Parents, you’ve got questions, we’ve got answers.

Or just as likely, we’ve got questions and you’ve got answers.

Challenge: Kids with Special Needs

If behaviors are communication, what if he is screaming for belonging?

Vote up!
Share on Facebook Share on Twitter Email this article


He does a million things to adapt and learn how to behave to “appropriately” interact with your kids. We have behavior intervention plans, special pull-out classes to work on social skills, modeling, redirecting, social stories, occupational therapy etc. etc. etc.

Can I ask some weird questions? What do you and your kids do to learn to hang out in his world? To interact in a way that’s meaningful to him? To learn how to slow down, be patient, offer different options or accommodate the game/activity? Are you willing to do things a little differently? Are you willing to read about it, learn and reconsider some stereotypes and misconceptions you may have? Have your kids ever interacted with someone with disabilities?
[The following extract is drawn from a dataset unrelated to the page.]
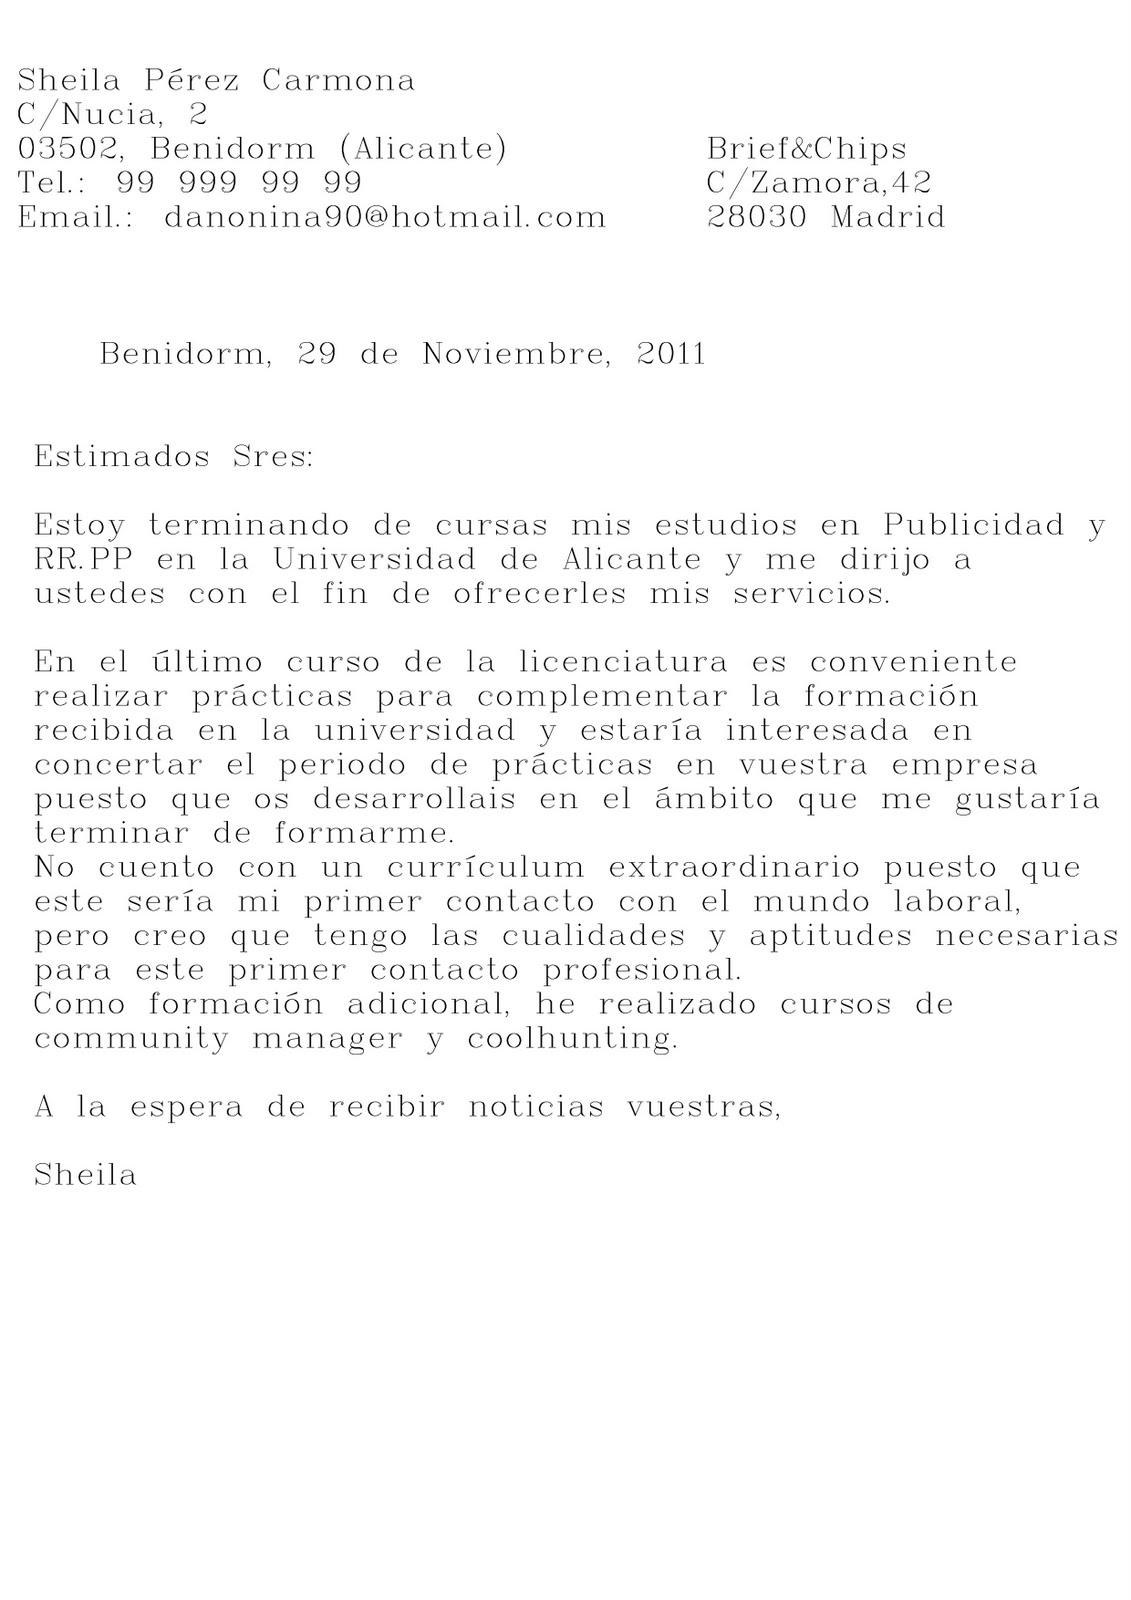 COMUNICACIÓN Y MERCADO DE TRABAJO: CARTA DE PRESENTACIÓN

They may have to adapt and modify to find a way to communicate differently and to include meaningfully.

It’s been a hard day. There is such much pressure and expectation on him (and us the parents) to learn and teach behaviors but where are the lessons, the interventions, the intentional modeling etc. etc. etc. for the kids to learn how to be friends with Carter.

If no one meets us in the middle, can we really blame the child when he acts out with maladaptive behaviors in an effort to connect?

If behaviors are communication, then what if he is screaming for belonging and authentic friendship?

Inclusion is all good and great but only to the extent that ALL parties are willing to learn and adapt together.